### Task directions
Take the material below and extract the lines from the one with "OPI Gelcolor Stay Classic Base Coat" through the one with "20th Century Teak", word for word, without pictures.

### Data shown

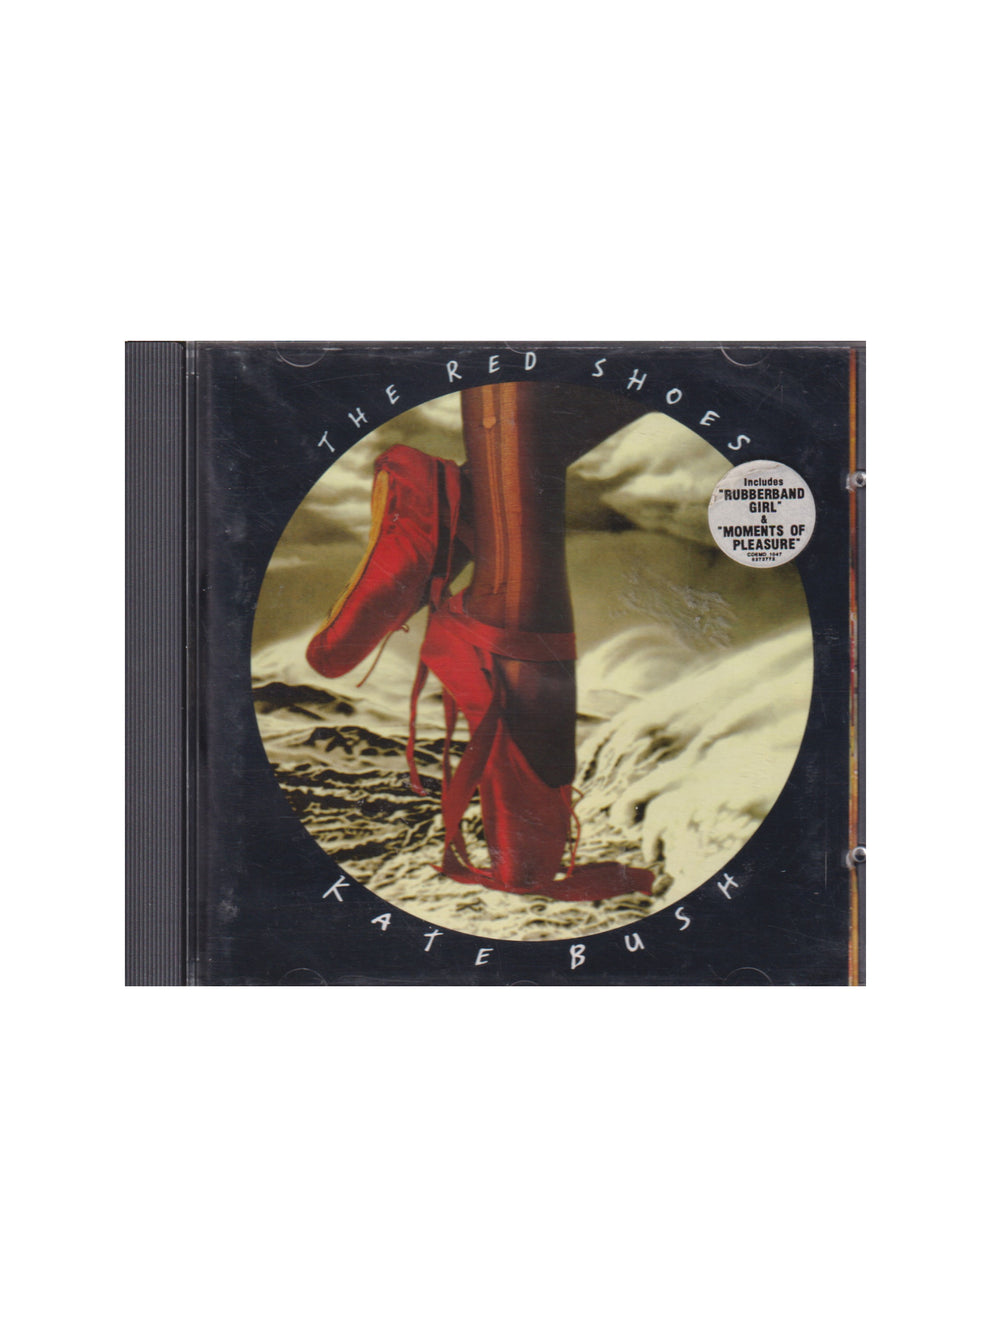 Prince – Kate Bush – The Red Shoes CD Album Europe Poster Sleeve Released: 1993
---
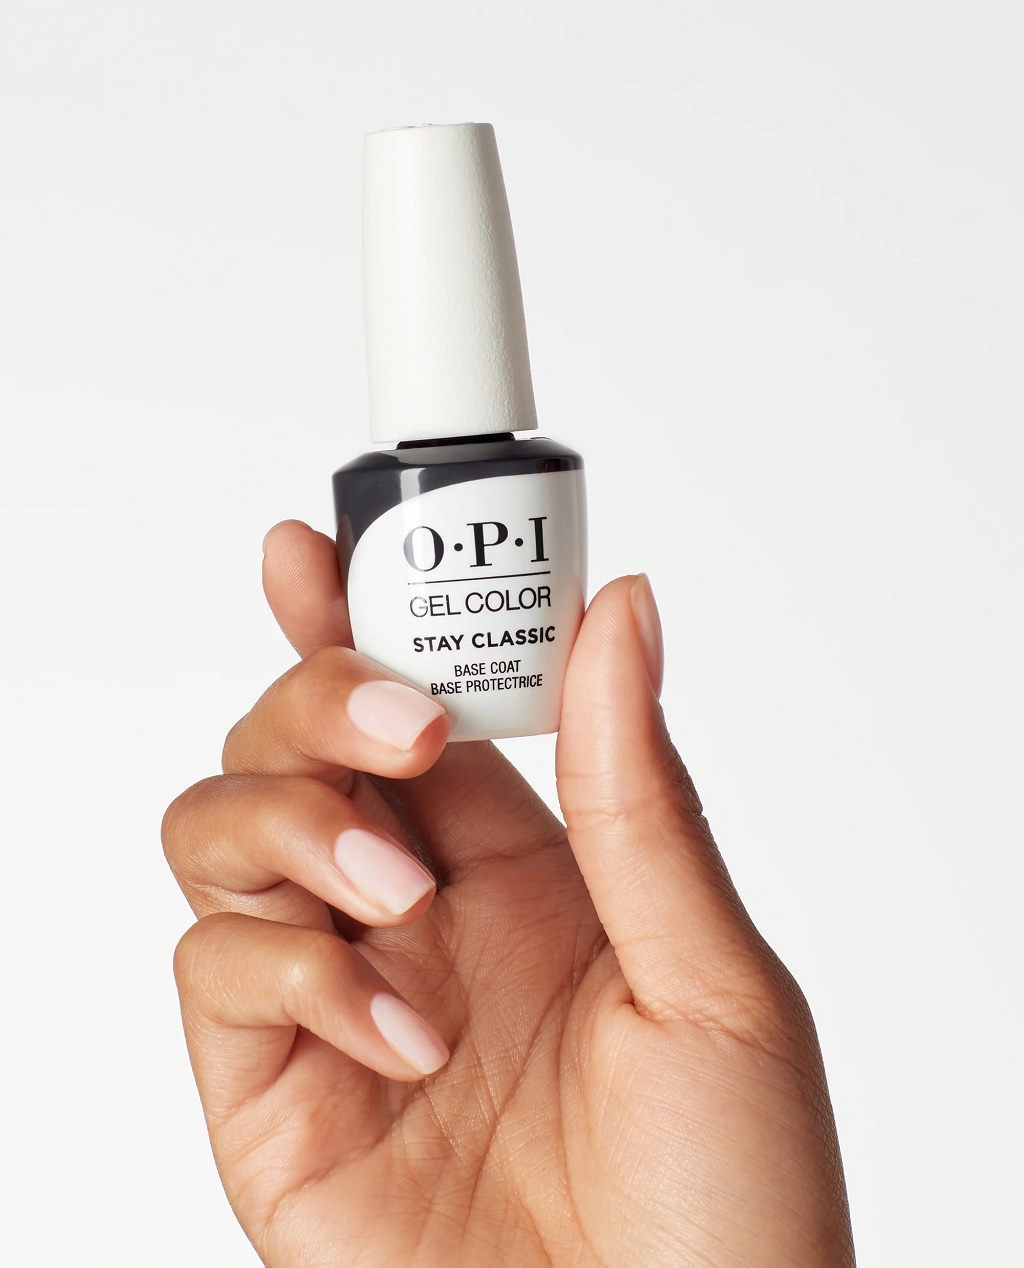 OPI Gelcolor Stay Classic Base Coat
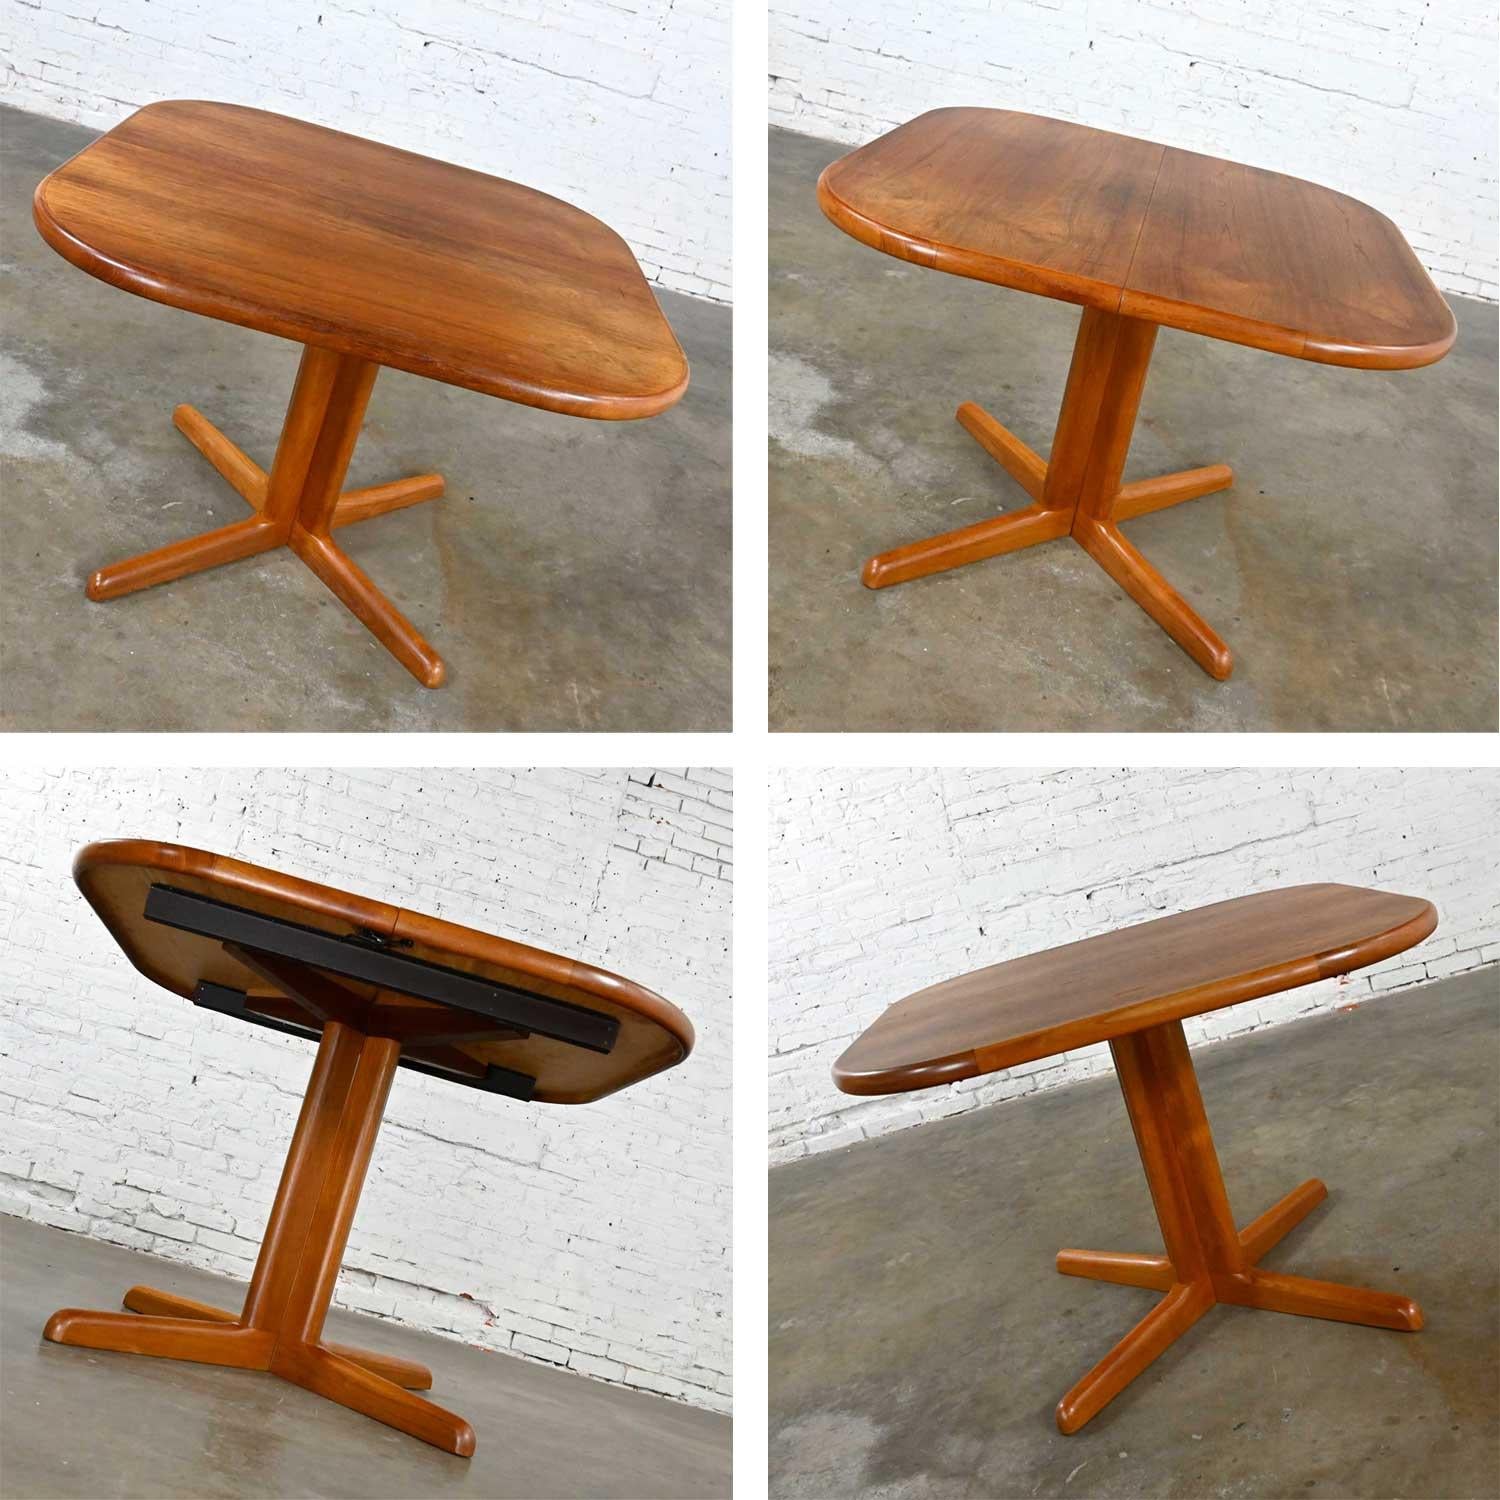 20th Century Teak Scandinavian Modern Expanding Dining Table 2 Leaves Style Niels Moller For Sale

### Output for this exercise
 OPI Gelcolor Stay Classic Base Coat
 20th Century Teak Scandinavian Modern Expanding Dining Table 2 Leaves Style Niels Moller For Sale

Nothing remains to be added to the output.